Freedom of thought, conscience and religion
Finally, recalling that Justice Choudhury did not believe Richard’s right to freedom of religion was engaged because he was punished for how he expressed his belief, and not the belief itself, he nonetheless went on to say that had his faith been involved, he would have come to the same finding because the law allows for interference with a belief where a legitimate aim exists. He suggested that because LGBT people suffer disproportionately from mental illness, that Richard’s comments might somehow dissuade them from using the NHS health service. Apart from the absurdity of suggesting that the beliefs of one man in a Non-Executive Directorship would dissuade anyone from seeking medical assistance, the point is also wrong in law.
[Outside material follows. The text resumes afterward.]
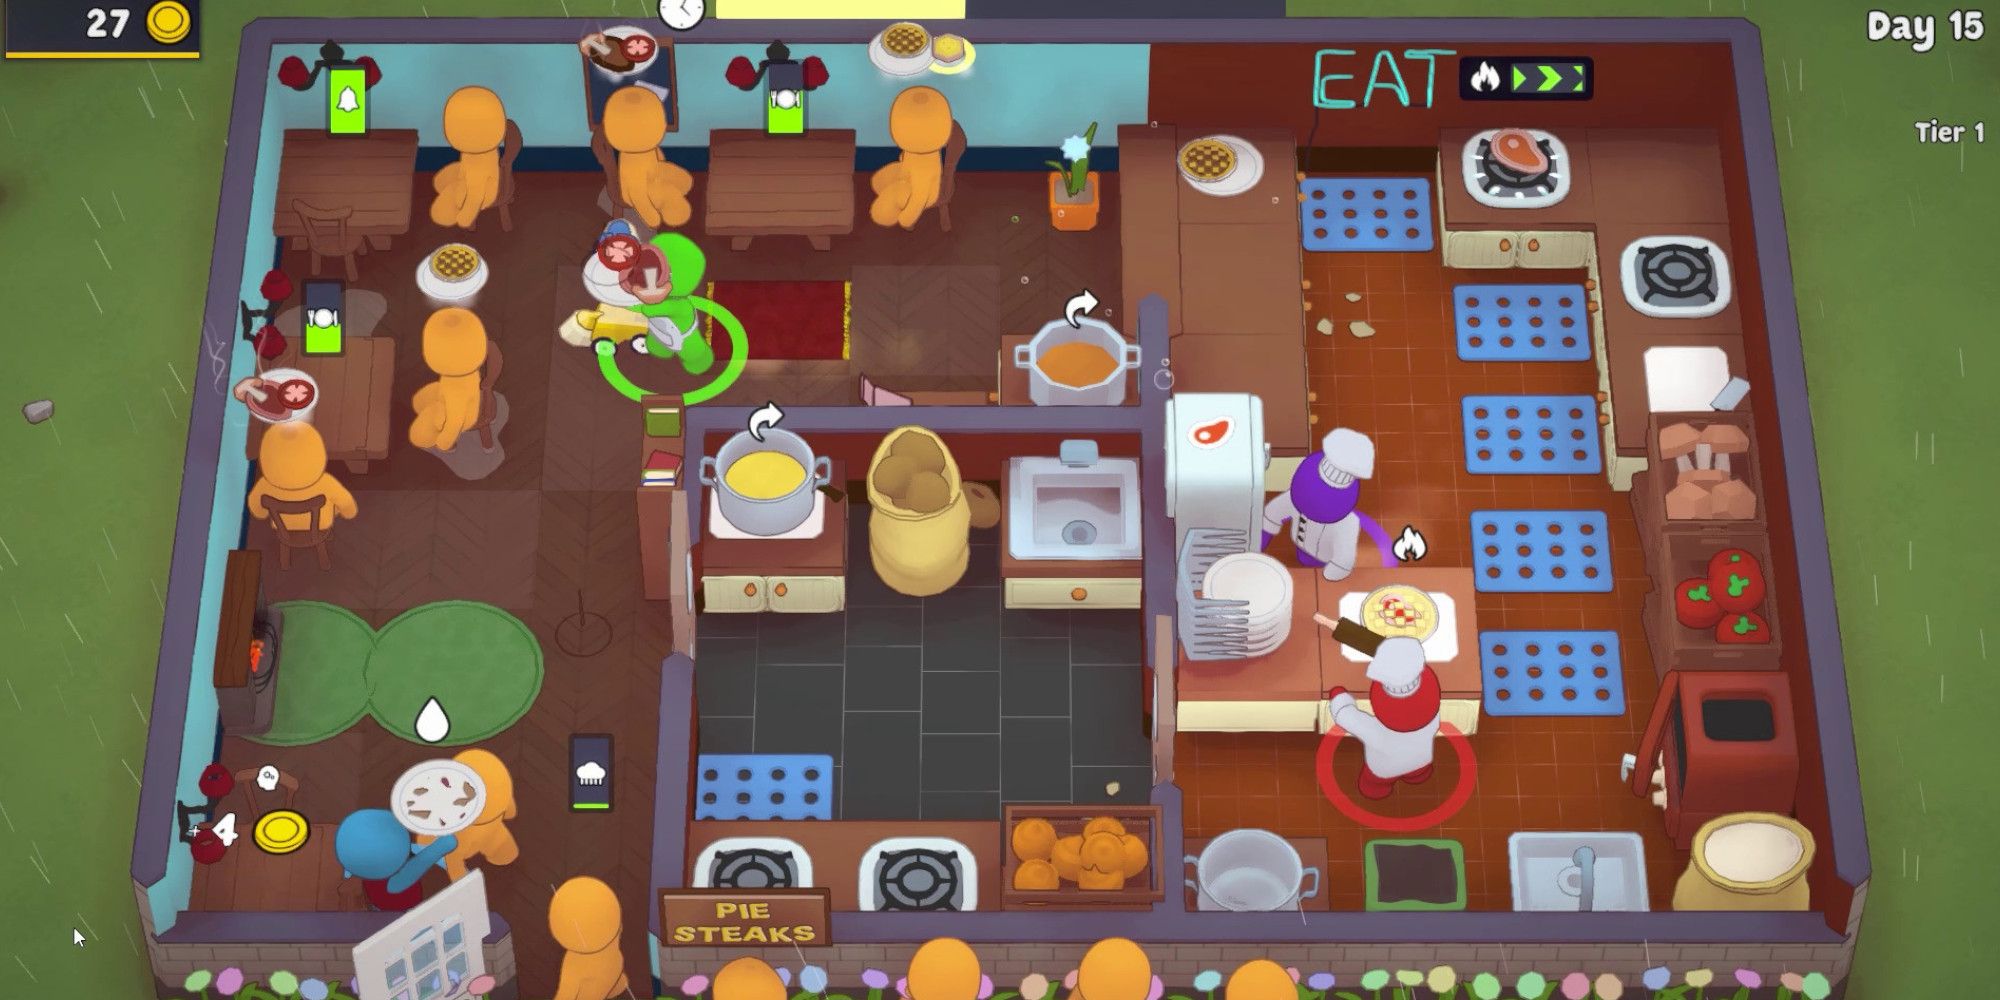 plateup - Busy Restaurant with four players

For the NHS to interfere with Richard’s freedom of religion and belief, it requires much more than merely suggesting that a legitimate aim exists to do so. Proportionality and necessity are also required. There were much more tailored means that the trust could have utilised to both engage with the patients they say were particularly vulnerable and allow Richard to enjoy his fundamental freedoms of belief and expression. For example, if the trust was concerned, it could have issued a public statement to achieve this balance, reiterating that Richard was speaking in a private capacity and that his opinions were not necessarily shared by the trust and more so, that his position in the trust was wholly separate from any decisions made in relation to patient care.
Best interests of the child standard
What has also been missed in Richard’s case is that as a magistrate in the family division, he was doing exactly what he should have been doing. The law requires the family court, in an adoption matter, to serve the best interests of the child. Far from being just a Christian belief, Richard understood that the unique and complementary gifts brought to parenting by a mother and a father is also a fact supported by sociology, psychology and biology. This belief had nothing to do with same-sex couples, and everything to do with what is best for a child. While Richard would never judge anyone for who they are or for their personal circumstances – single parent, same-sex parent, or otherwise – he would nevertheless always endeavour to fulfil his judicial oath by doing what he believed was in the best interests of the child being adopted.
As I have said in the past and will repeat here, we should be grateful for Christians like Richard Page who bravely and dutifully stands in the firing lines so that hopefully you will never have to.